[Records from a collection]
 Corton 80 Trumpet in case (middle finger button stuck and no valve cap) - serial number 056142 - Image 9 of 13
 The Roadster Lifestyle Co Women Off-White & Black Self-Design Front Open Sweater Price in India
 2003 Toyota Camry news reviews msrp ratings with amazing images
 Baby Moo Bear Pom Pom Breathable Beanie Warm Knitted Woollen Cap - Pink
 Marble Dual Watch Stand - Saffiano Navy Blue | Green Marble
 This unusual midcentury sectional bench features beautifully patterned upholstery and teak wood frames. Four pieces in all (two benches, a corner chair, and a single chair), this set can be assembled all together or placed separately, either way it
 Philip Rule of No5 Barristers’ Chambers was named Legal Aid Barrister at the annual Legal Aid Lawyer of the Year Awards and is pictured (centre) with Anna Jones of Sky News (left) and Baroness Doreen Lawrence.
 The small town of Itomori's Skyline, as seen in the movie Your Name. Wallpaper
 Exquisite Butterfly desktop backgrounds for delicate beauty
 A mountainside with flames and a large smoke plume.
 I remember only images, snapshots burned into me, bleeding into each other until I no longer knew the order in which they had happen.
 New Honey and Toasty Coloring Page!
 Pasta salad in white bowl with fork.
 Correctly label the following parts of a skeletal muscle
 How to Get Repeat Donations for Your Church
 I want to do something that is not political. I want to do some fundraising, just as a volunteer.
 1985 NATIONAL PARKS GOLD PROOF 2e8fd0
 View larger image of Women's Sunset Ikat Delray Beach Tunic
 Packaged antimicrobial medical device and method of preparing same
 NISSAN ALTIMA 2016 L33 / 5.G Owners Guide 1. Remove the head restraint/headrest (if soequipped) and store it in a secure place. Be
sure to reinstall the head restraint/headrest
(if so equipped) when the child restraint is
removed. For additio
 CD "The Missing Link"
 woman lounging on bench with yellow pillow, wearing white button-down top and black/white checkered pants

What the exercise asks.
Extract every line from the one containing "removed. For additio" through the last line of the data, inclusive, exactly as written.

Output of the exercise.
removed. For additio
 CD "The Missing Link"
 woman lounging on bench with yellow pillow, wearing white button-down top and black/white checkered pants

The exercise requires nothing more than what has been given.